進級テストは希望があればいつでも受けられる。合格すれば上のクラスに上がれる。単位制なので、仕組みとしては必修科目と選択科目で単位を取り切れば一年目でも卒業出来る。
「実技もあったから、三ヶ月くらいかしら?毎日毎日ひたすら問題を解いて、ノイローゼになりそうだったわ!問題だって、大したことないんですもの!」
「さすがだな、叡智の魔女というのは本当なのか。」
「おばあちゃんが言うには、こちらの学問が遅れているんですって。あんなもの時間をかけて学ぶのは無駄だからさっさと終わらせろって言われたわ。」
おだてられてようやく調子が出てきたのか、リリはクッキーに手を伸ばした。
「魔女は色々学ぶの。医学薬学だけじゃなく、心理学とか経済学とか。法律もね。祖国で搾取されてきた歴史があるから、もう二度と騙されないようにってことらしいわ。」
なるほど、とリリ以外の四人は感心した。魔女に歴史アリだ。すると、リリは急にモジモジしだした。
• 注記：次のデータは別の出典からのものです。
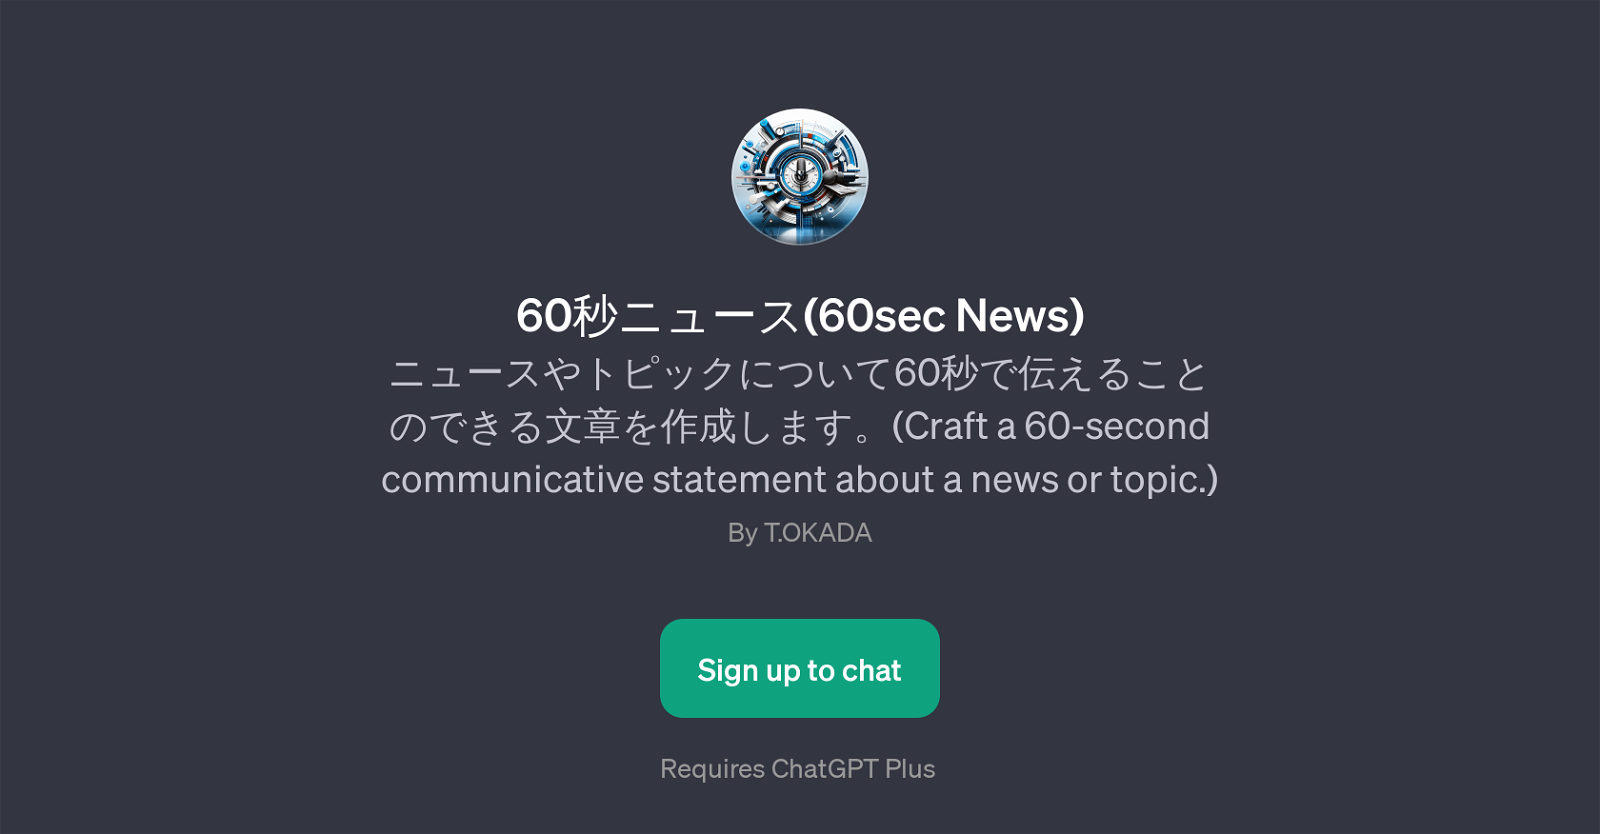 60(60sec News) website

「だからね、今回のことも、まだ問題は残ってるでしょ?よかったら相談に乗ってあげようかなって……と、友だちだし?」
「あら?茶飲み仲間じゃなかったの?」
とテレサが揶揄った。リリはガシッと勢いよくレベッカをつかんで叫ぶ。
「もうっ!さっきは悪かったわよ!アタシたちは友だちよ!」
「じゃあ、私は?」
テレサが追い討ちをかけると、リリはまた真っ赤になってしまった。
「とっ、友だちよ!聞いたことあるわ!友だちの友だちは友だちなんでしょっ!?もうーっ!!」
「テレサ、あんまり揶揄わないであげて?」
あんまりリリが取り乱すので、リンダもジェフも大笑いしてしまった。
「ああ、おかしい!三人とも、もうすっかり仲良しね!」
目尻に溜まった涙を拭きながら、リンダはお茶を淹れ直すために席を立った。
リリちゃん暴走しがち。
テレサはレベッカが沈んでいくのを間近に見てきたので、それを解決してくれたリリに感謝していますが、かわいい子ほど揶揄いたくなる質なので、ついやってしまいます。